Execs share upbeat outlook on future biz environment
Editor's Note: The 20th National Congress of the Communist Party of China is to start a new chapter in the saga of reform and opening-up that energized the Chinese economy over the last four decades and made it the world's second-largest. It also sets the tone for improving the business environment for global firms, big and small, operating in the country. China Daily publishes a series of Q&As with business executives from leading MNCs featuring their outlook for the Chinese economy as well as their hopes for the future prospects of their businesses in China.
Q1 Against the backdrop of a much-troubled global economy, how will China's economy likely perform going forward, given that it has already made immense contributions to the tasks of stabilizing both the global supply chain and the world economy?
MUKUND: We all know that Mother Earth has gone through many challenges over the past few years.
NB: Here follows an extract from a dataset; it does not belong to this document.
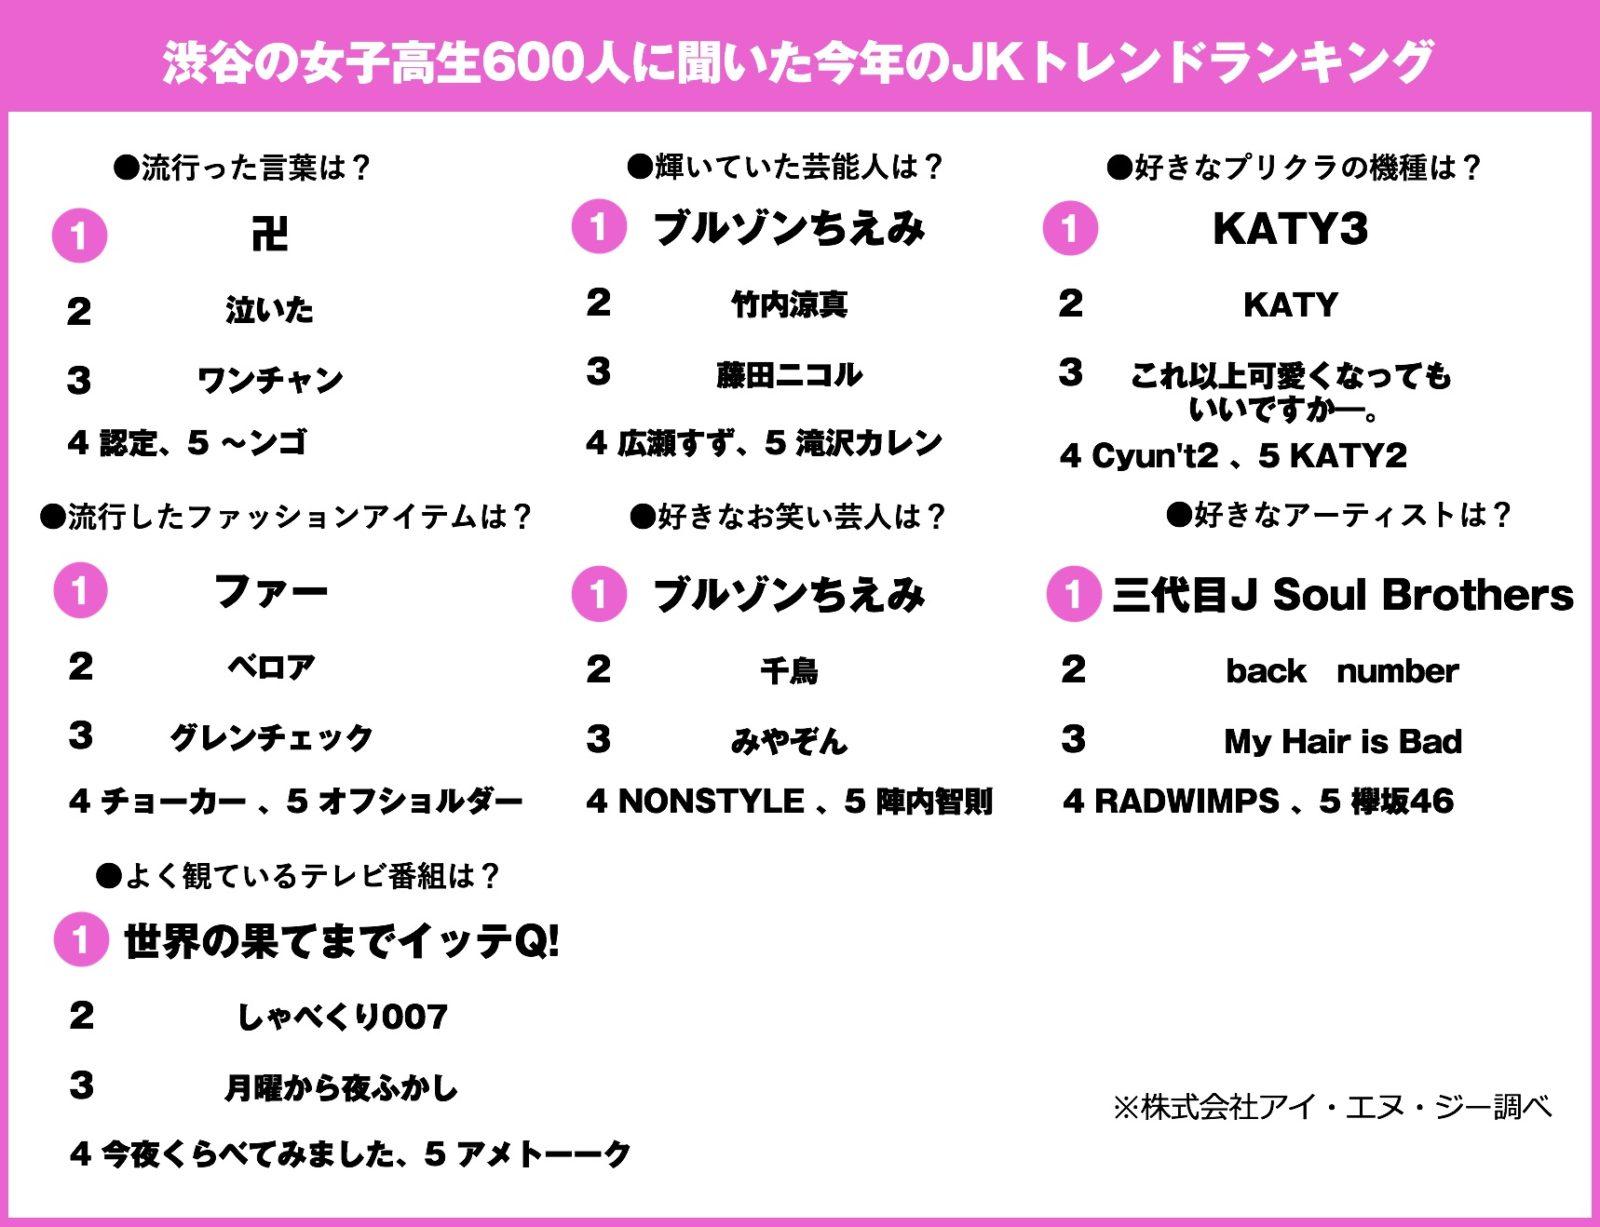 ブルゾンちえみが2部門で1位獲得!渋谷の女子高生600人に聞いた「今年のJKトレンドランキング」好きなアーティストNo.1はあの大人気グループサムネイル画像

As the world's second-largest economy, China has shown an amazing ability to actively face external disturbances and quickly adapt to the new normal. Its government organization is strong and orderly, its people united and optimistic, and its business environment vigorous and dynamic — this is the observation and experience of Benchmark ESG in its over 10 years of operation in China. In the future, China's economy will undoubtedly continue to maintain steady development and release more energy on the world stage.
WU: China remains one of the vital engines for global economic recovery. China's economic stability and sustainable growth are the biggest contributions to the stability of the world economy and global supply chain.
Despite challenges and pressures, the Chinese economy remains robust with strong resilience and ample potential. Economic performance will continue to improve along with a package of pro-growth policies put into practice.
DHL Express firmly supports trade liberalization and has been active in contributing to stabilizing supply chain logistics by making investments to expand service infrastructure and adding air capacity in China.
BURRAGE: China is the world's second-largest economy and plays a very important role in the global supply chain. China's economy has shown great resilience during and after the peak of the COVID-19 pandemic and it is expected to continue growing. For now and in the future, with China transitioning to a more innovative and sustainable development model, we expect to see many opportunities arise from the upgrading of the economy. That provides foreign investors and companies such as Hays with opportunities to develop together with China's economy. From our perspective as a global expert in recruitment, China is a massive market and there are a great number of jobs out there for us to locate and consult on.
DEPOUX: The Chinese production system has shown quite extraordinary resilience in the second half of 2020 and 2021. This has continued to 2022, even though it was disturbed by COVID-19 resurgences. The Chinese supply chain has modernized in 2021 thanks to accelerated investment in automation and digitalization, financed by the surge in demand. Yet, the situation going forward in 2023 is going to be different because the global economy is slowing down due to inflation, tightening monetary policies and the impact of high energy prices. International demand may weaken Chinese exports, but there is also a scenario by which energy shortages cause disruptions in industrial chains such as chemicals and commodities in Europe. China's production system may, again, be able to stabilize the global supply chain by picking up the demand that cannot be met in Europe.
BOZEC: We remain confident in China's economy, as China continues to be an important driving force for global development and prosperity. We have forged strong ties with our Chinese partners over our two decades in the market. We look forward to meeting and working with new partners as well as our existing network, and creating more value while contributing to China's economic growth.